Freeman's works for stage include:
- Epthalia, opera (1891, Deutsches Theater, Denver)
- The Martyr, opera in two acts, libretto by the composer (August 16, 1893, Freeman Grand Opera Company, Deutsches Theater, Denver)
- Nada, opera in three acts, libretto by the composer (1898; unperformed)
- Zuluki (revision of Nada) (scenes performed by the Cleveland Symphony in 1900)
- An African Kraal, opera in one act, libretto by the composer (1903; student production at Wilberforce University)
- The Octoroon, opera in four acts with prologue, libretto by the composer (1904; unperformed)
- Valdo, opera in one act with intermezzo, libretto by the composer (May 1906, Freeman Grand Opera Company, Weisgerber's Hall, Cleveland)
- Captain Rufus, musical comedy (August 12, 1907, Harlem Music Hall, New York City)
- The Tryst, opera in one act, libretto by the composer (May 1911; Freeman Operatic Duo, Crescent Theater, N.Y. Wampum: Carlotta Freeman; Lone Star: Hugo Williams)
- The Prophecy, opera in one act, libretto by the composer (1911; unperformed)
- The Plantation, opera in three (or four) acts, libretto by the composer (1915; performed at Carnegie Hall 1930)
- Athalia, opera in three acts with prologue, libretto by the composer (1916; unperformed)
- Vendetta, opera in three acts, libretto by the composer (November 12, 1923, Negro Grand Opera Company, Inc., Lafayette Theater, Harlem)
- American Romance, jazz opera (1927)
- Voodoo, opera in three acts, libretto by the composer (composed c. 1914; premiered by the Negro Grand Opera Company on New York radio station WGBS on May 20, 1928, and on September 10, 1928 at the Palm Garden on Broadway)
- Leah Kleschna.
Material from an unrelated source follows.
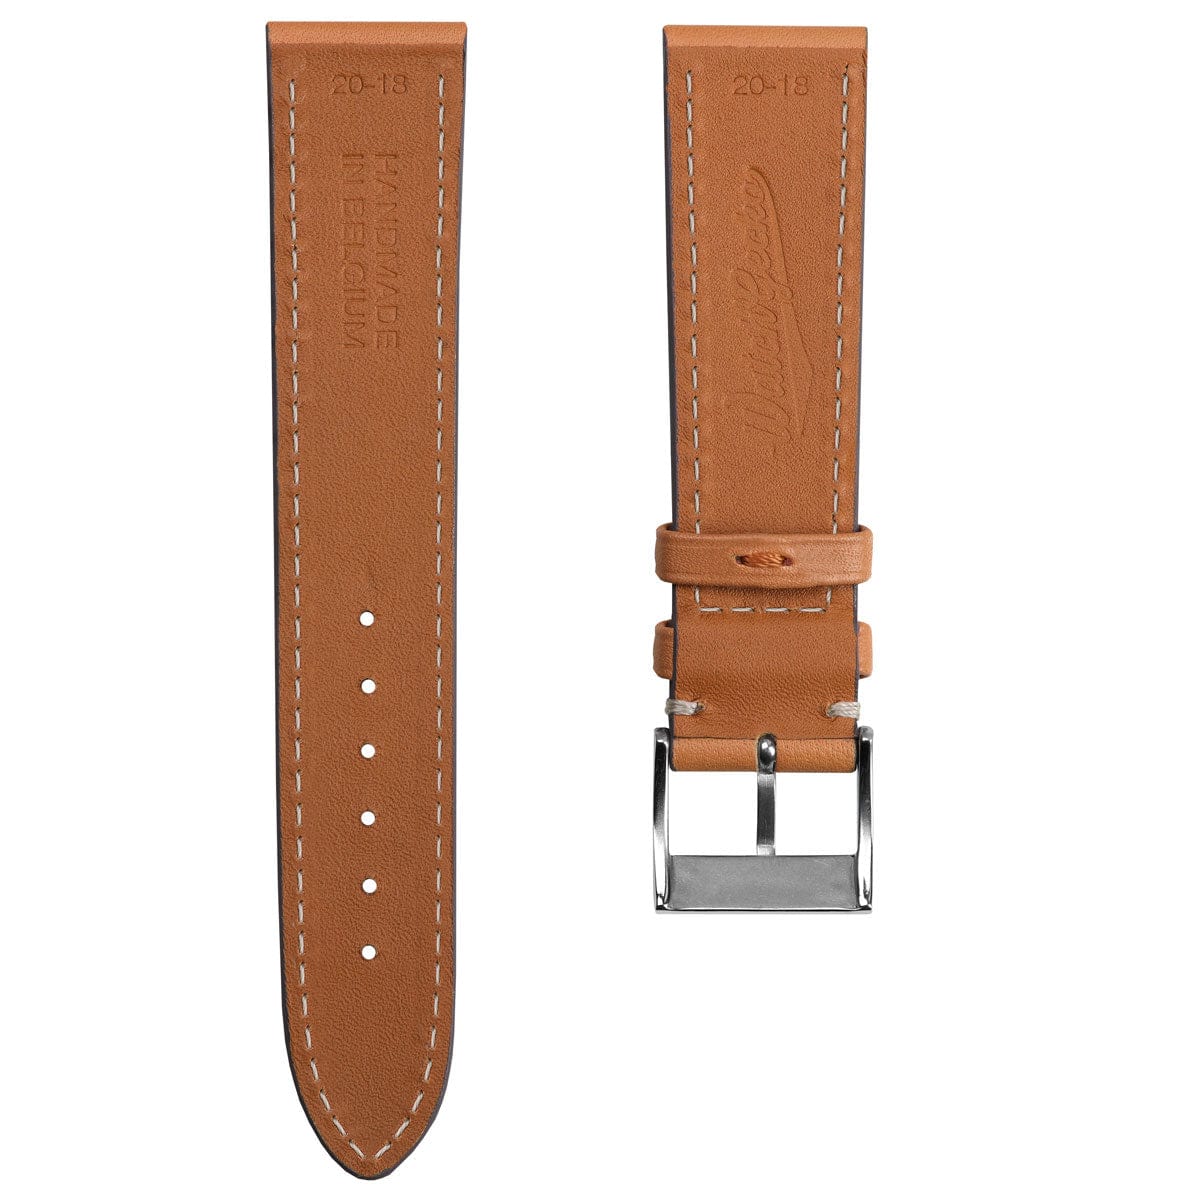 Ostend Baranil Flat Leather Watch Strap - Gold

Libretto by the composer, after the play of C. M. S. McLellan (1931; unperformed)
- Allah, opera, based on H. Rider Haggard's novels (1947)
- The Zulu King, opera, based on H. Rider Haggard's novels (1934)
- The Slave, symphonic poem (1932)
- Uzziah (1931)
- Zululand, a four-opera cycle based on H. Rider Haggard's novel Nada, the Lily (1941-1944). The titles of the individual operas are Chaka, The Ghost-Wolves, The Stone-Witch, and Umslopogaas and Nada. All were unperformed.

Freeman published quite a few popular songs, including arrangements of spirituals, and wrote some music for the concert hall, including:
- The Loves of Pompeii, a song cycle
- My Son, a cantata
- The Slave, a symphonic poem
- Salome, a ballet with chorus
- Coleville Coon Cadets, a marching song

==Influence==
Although many of his works were successful during his lifetime, they are not played today. He achieved many firsts for a black American in the field of classical and popular music. While Elise Kirk cites several operas composed by African-Americans earlier in the nineteenth century, it appears that none of these ever were staged in their entirety before Freeman's Epithalia in 1891. Freeman founded and played important roles in the direction of several African-American opera companies and other arts organizations, including the Pekin Stock Company in Chicago, which was one of the first "legitimate" theaters in the United States to be owned and run by African-Americans. Freeman was a close friend of famous Ragtime musician Scott Joplin and was acquainted with many African-American musicians and artists associated with the Harlem Renaissance.